▸ **Requirement**:
Set down the lines of the data exactly, starting at the first and stopping after the line containing "Kapital Grand - Office Plan 9th Floor".

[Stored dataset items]
.....
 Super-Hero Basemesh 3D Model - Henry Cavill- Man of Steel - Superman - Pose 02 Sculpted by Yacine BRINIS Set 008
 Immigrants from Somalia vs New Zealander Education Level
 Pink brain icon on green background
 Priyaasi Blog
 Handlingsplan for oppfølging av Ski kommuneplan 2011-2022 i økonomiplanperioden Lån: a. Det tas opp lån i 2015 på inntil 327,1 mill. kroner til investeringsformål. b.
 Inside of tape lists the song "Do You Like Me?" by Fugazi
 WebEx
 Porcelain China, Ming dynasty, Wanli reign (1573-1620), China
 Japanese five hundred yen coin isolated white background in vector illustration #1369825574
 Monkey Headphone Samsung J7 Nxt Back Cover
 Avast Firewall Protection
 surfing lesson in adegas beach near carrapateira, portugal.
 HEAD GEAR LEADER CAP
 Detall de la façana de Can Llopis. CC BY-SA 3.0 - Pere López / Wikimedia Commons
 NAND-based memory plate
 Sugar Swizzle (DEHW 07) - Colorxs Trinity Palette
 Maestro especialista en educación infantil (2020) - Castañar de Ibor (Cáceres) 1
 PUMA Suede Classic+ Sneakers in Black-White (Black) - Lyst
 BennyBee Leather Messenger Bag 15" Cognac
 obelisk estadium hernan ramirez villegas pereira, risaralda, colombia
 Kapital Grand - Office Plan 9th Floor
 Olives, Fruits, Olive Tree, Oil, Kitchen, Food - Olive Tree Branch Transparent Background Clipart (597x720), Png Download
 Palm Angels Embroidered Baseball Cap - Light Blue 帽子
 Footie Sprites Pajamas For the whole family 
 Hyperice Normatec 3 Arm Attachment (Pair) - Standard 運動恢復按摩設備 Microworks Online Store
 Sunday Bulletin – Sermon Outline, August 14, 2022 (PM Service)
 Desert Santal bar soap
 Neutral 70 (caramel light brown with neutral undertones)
.....
▸ **Output below**:
 Super-Hero Basemesh 3D Model - Henry Cavill- Man of Steel - Superman - Pose 02 Sculpted by Yacine BRINIS Set 008
 Immigrants from Somalia vs New Zealander Education Level
 Pink brain icon on green background
 Priyaasi Blog
 Handlingsplan for oppfølging av Ski kommuneplan 2011-2022 i økonomiplanperioden Lån: a. Det tas opp lån i 2015 på inntil 327,1 mill. kroner til investeringsformål. b.
 Inside of tape lists the song "Do You Like Me?" by Fugazi
 WebEx
 Porcelain China, Ming dynasty, Wanli reign (1573-1620), China
 Japanese five hundred yen coin isolated white background in vector illustration #1369825574
 Monkey Headphone Samsung J7 Nxt Back Cover
 Avast Firewall Protection
 surfing lesson in adegas beach near carrapateira, portugal.
 HEAD GEAR LEADER CAP
 Detall de la façana de Can Llopis. CC BY-SA 3.0 - Pere López / Wikimedia Commons
 NAND-based memory plate
 Sugar Swizzle (DEHW 07) - Colorxs Trinity Palette
 Maestro especialista en educación infantil (2020) - Castañar de Ibor (Cáceres) 1
 PUMA Suede Classic+ Sneakers in Black-White (Black) - Lyst
 BennyBee Leather Messenger Bag 15" Cognac
 obelisk estadium hernan ramirez villegas pereira, risaralda, colombia
 Kapital Grand - Office Plan 9th Floor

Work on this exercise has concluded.